Операции закончились около часа. Ассистенты собрались в большом кабинете Коробова. Они взволнованно делились впечатлениями, поглядывая время от времени на Браилова. Потом профессор Коробов выступил с анализом эксперимента.

– Ваш аппарат, Антон Романович, великолепен, – сказал он в заключение. – Введя в практику хирургии эфирный наркоз, Пирогов сделал революцию в этой области. Полагаю, не будет преувеличением сказать, что ваш анестезиотрон тоже делает революцию в хирургии. Причем несравнимо более значительную. От меня, от хирургов моей клиники сердечное спасибо вам, Антон Романович!

Казарин все время наблюдал за работой аппарата.
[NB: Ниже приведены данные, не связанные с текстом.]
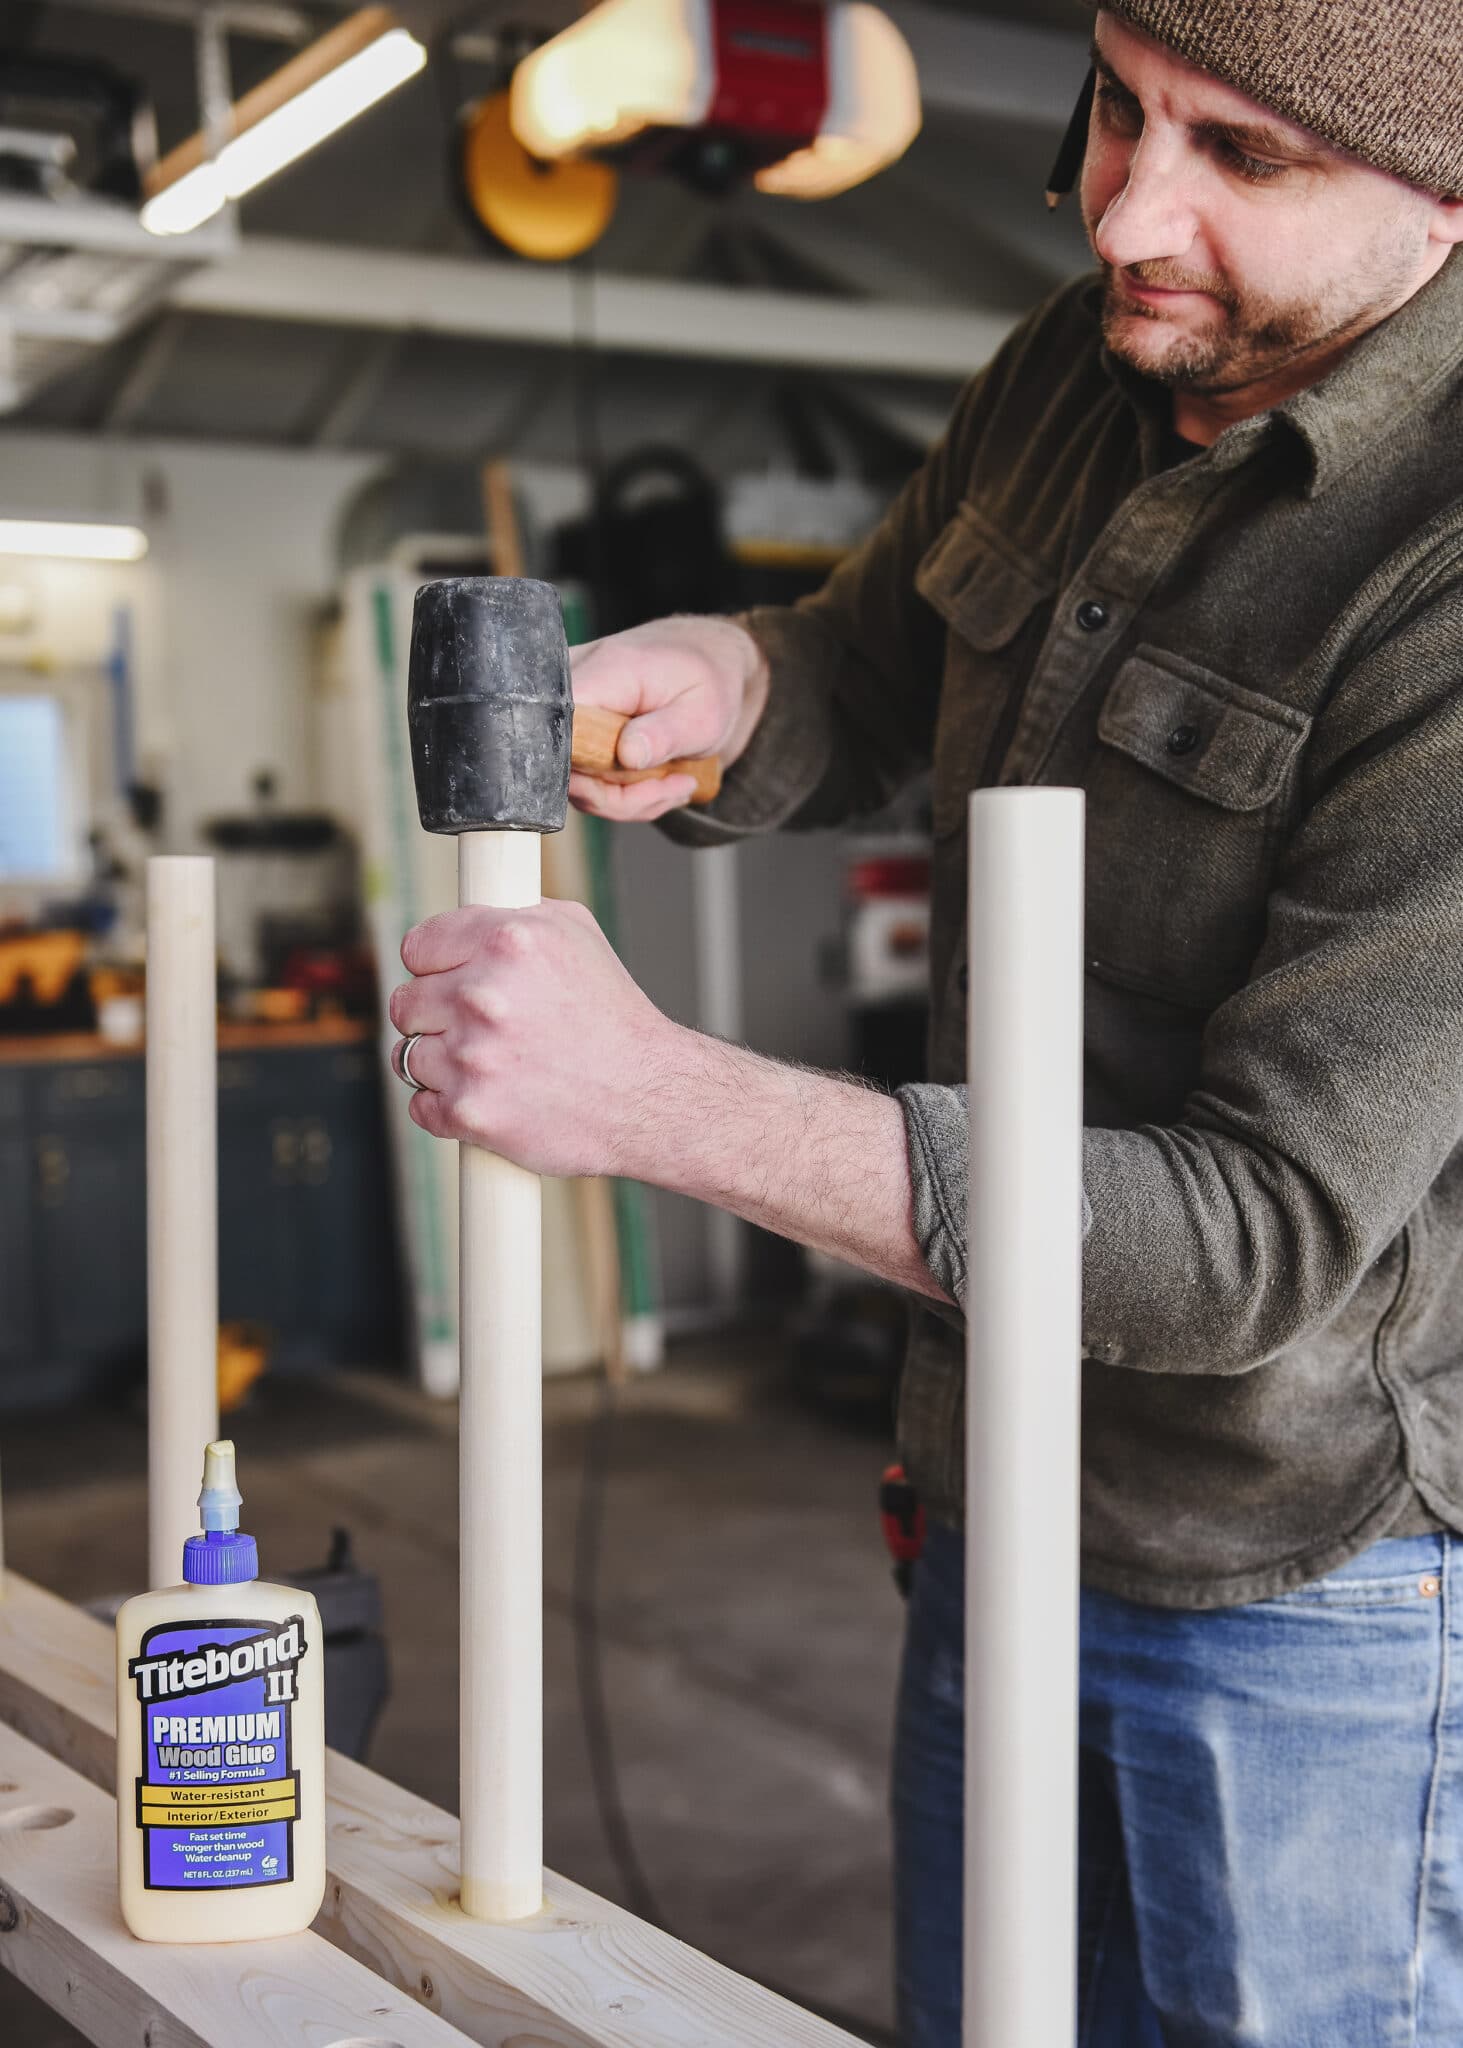 We tapped the rungs into place with a rubber mallet until they were flush with the 2x4 supports. via // yellowbrickhome

Пока в кабинете Коробова шло обсуждение эксперимента, он разобрал анестезиотрон на блоки и погрузил их в машины.

– Будь я на месте Коробова, ни за что не отдал бы вам этого аппарата, – сказал ординатор клиники, помогавший Казарину во время усыпления.

– То есть как так? – посмотрел на него Казарин.

– А очень просто: запретил бы трогать и все. Ведь вы в драку не полезете: люди, по всему видать, культурные. А полезли б – санитаров пригласили бы. Они у нас – один к одному.

– Это как же понимать? Разбой среди бела дня?

– Как хотите, так и понимайте, а аппарата не отдал бы. Он здесь нужнее. Ведь пока его к производству подготовят да усвоят много времени пройдет. А у нас за сутки до семидесяти человек оперируется.